After setting up your LLC, it's essential to maintain its good standing. Here are some key steps to take:

  • File Annual Reports Most states require LLCs to file annual reports in order to stay in good standing. Missing the filing deadlines can cause the LLC to fall out of good standing with the state. This can affect the business' ability to operate such as obtaining bank accounts or business loans. Some states require a centennial or bi-annual filing instead of annual report.
  • Know What Taxes to Pay and Pay on Time Just like individuals, LLCs are subject to many different types of taxes from local business taxes, state franchise taxes, sales tax, and/or income taxes, to name the main ones. Be prepared to know what taxes and when to pay for them. Consult with a tax accountant for specific situations.
  • Set Up Separate Bookkeeping for the LLC In order to keep the limited liability protection, the company's cash flow operations should be completely separated from any personal transactions. This is best done by setting up a separate business bank account, credit cards, payment accounts (such as PayPal), and proper record keeping.
  • Update Operating Agreement When Needed As the business grows or changes, update the operating agreement accordingly.

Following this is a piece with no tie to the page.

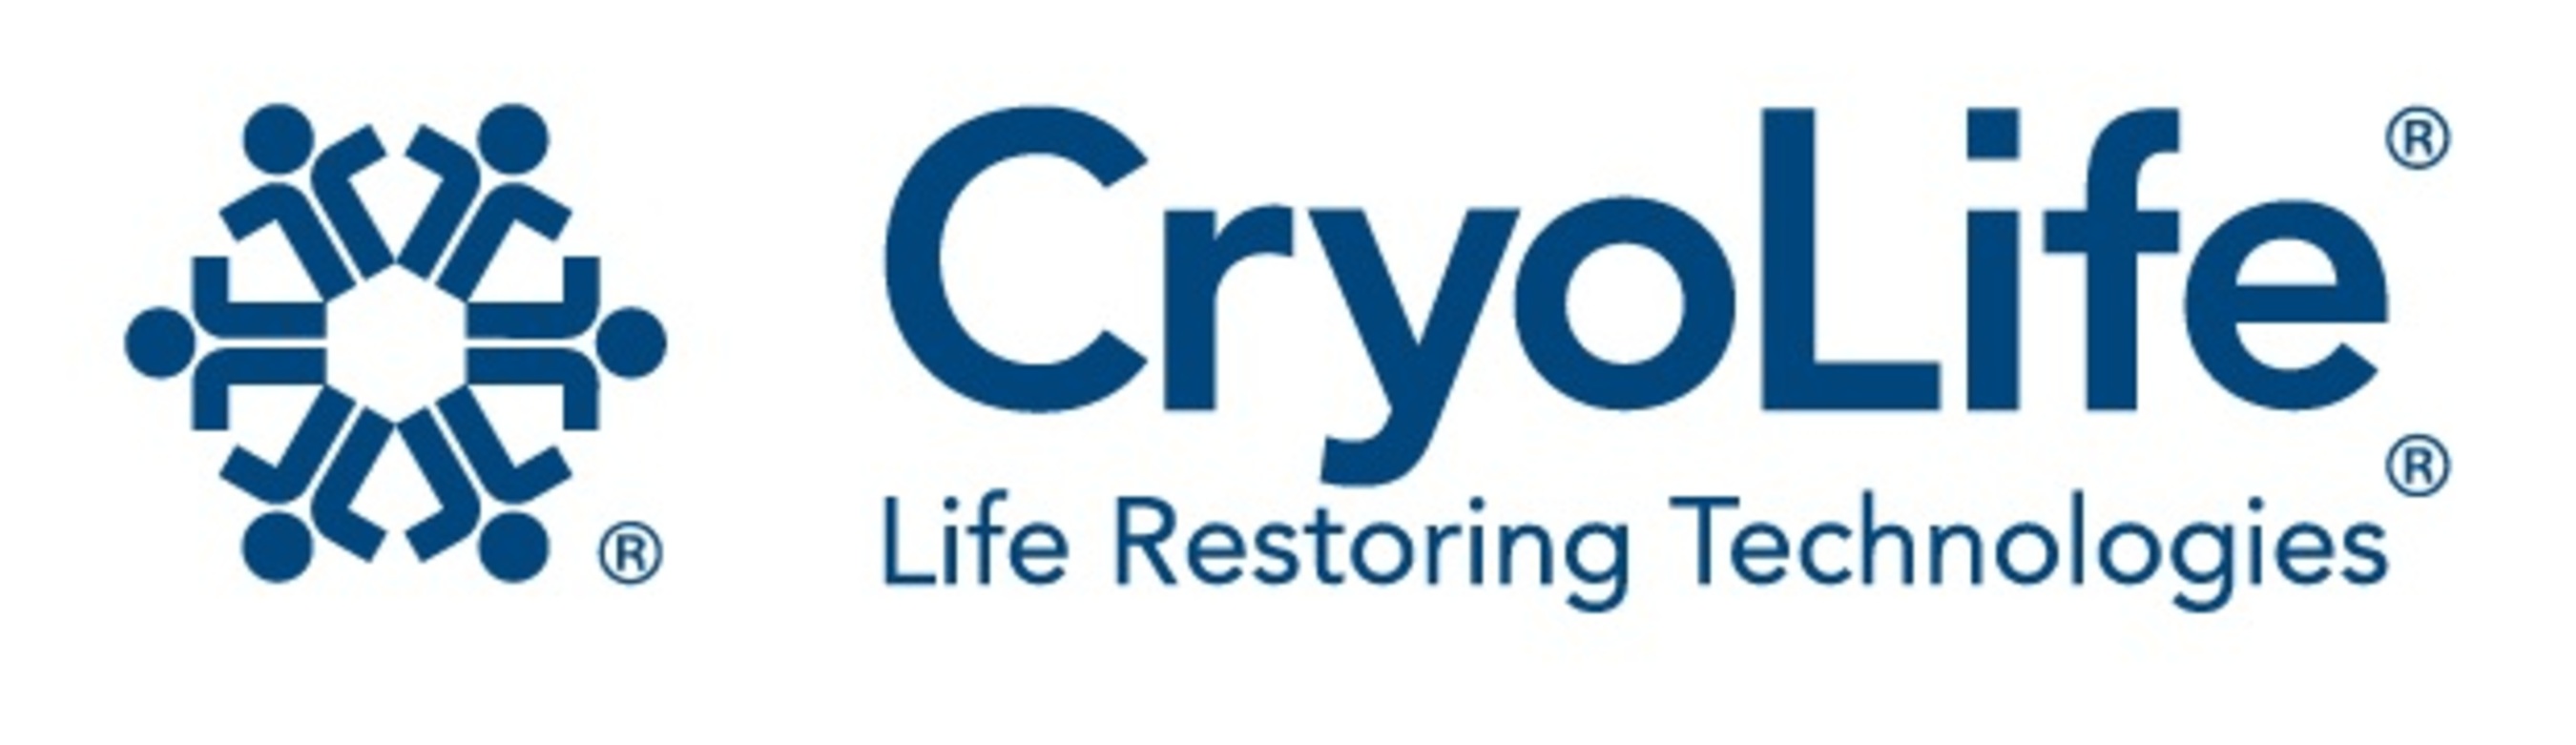 Cryolife logo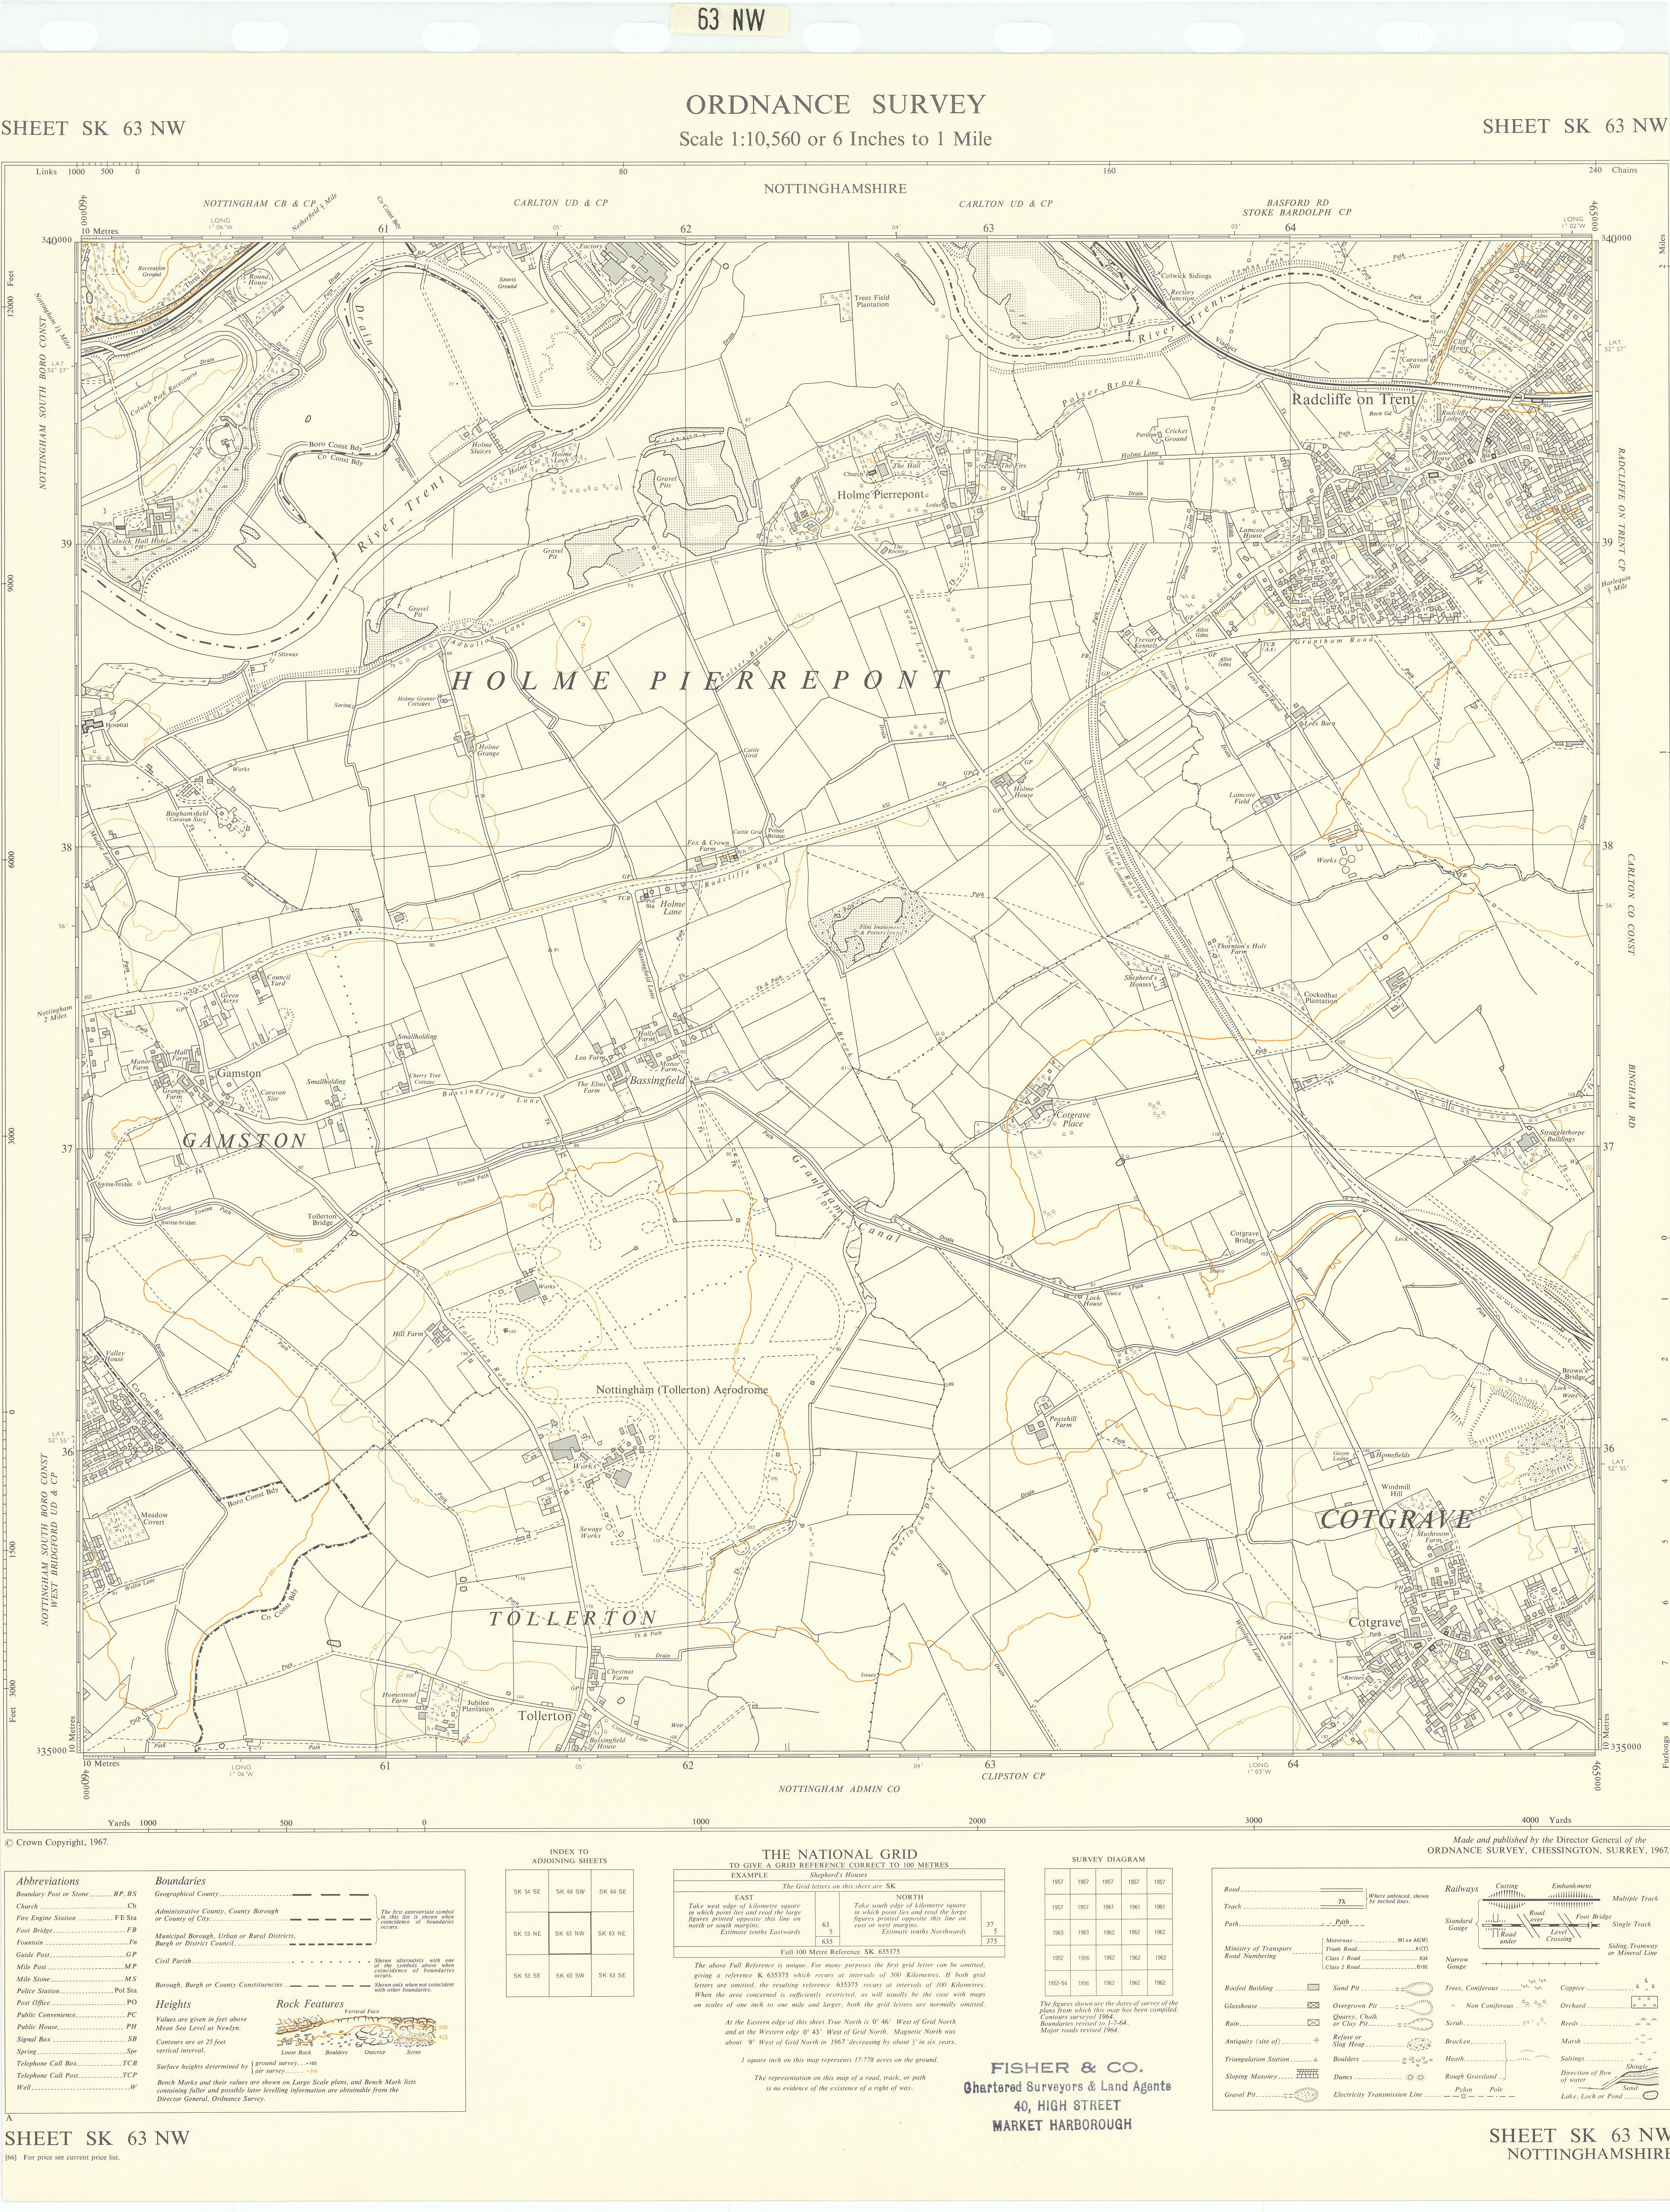 Ordnance Survey SK63NW Notts Radcliffe/Trent Cotgrave Hole Pierrepont 1967 map

From time to time, it's important to check if the LLC remains in good standing by requesting a report from the state, usually with the Secretary of State.

Manager-Managed vs. Member-Managed

LLCs can be structured in various ways, but there are two primary management structures:

  • Manager-Managed: Members appoint one or more managers to handle the day-to-day operations of the LLC.
  • Member-Managed: All members actively participate in the business's management decisions.

Single Member vs. Multi-Member

  • Single Member: A single-member structure typically involves one individual who is solely responsible for the operations and decision-making within the entity.
  • Multi-Member: A multi-member structure includes multiple individuals who share responsibilities, collaborate on decision-making, and contribute to the overall management of the entity.

Types of LLCs

Series LLC

A Series LLC allows a single LLC to have multiple "series" or subdivisions, each with its own assets, liabilities, and members. This structure is beneficial for businesses with diverse operations or investments. One common industry that utilizes Series LLC is real estate for owners of multiple real estate properties.

PLLC

A Professional Limited Liability Company (PLLC) is a specific type of LLC meant for licensed professionals like doctors, lawyers, and accountants. It provides the same liability protections as an LLC while allowing licensed professionals to offer their services.

L3Cs

Low-Profit Limited Liability Companies (L3Cs) are hybrid structures designed for organizations with primarily charitable or educational purposes. They allow investors to contribute funds while receiving a limited return.

Not all states offer all of these variations of LLCs. Therefore, it's important to check with the specific state where the LLC is or will be formed. Typically the information is available with the Secretary of State. Consult with the local attorney if the information is unclear.

Alternatives to LLCs

While LLCs provide significant benefits, they might not be the best choice for every business. Here are some alternatives:

  • Sole Proprietorship is the default business structure that a business owner operates under when they start their business without setting up a formal legal entity. This business structure provides no legal protection or tax benefits for its owner, but is the simplest to operate under.
  • Partnership is by definition when two or more individuals agree to do business together. It is easy to establish but, similar to the Sole Proprietorship, does not offer personal liability protection.
  • Corporation Provides strong liability protection but is more complex and expensive to maintain.
  • S Corporation Offers pass-through taxation like an LLC but with limitations on corporate structure and restrictions on ownership.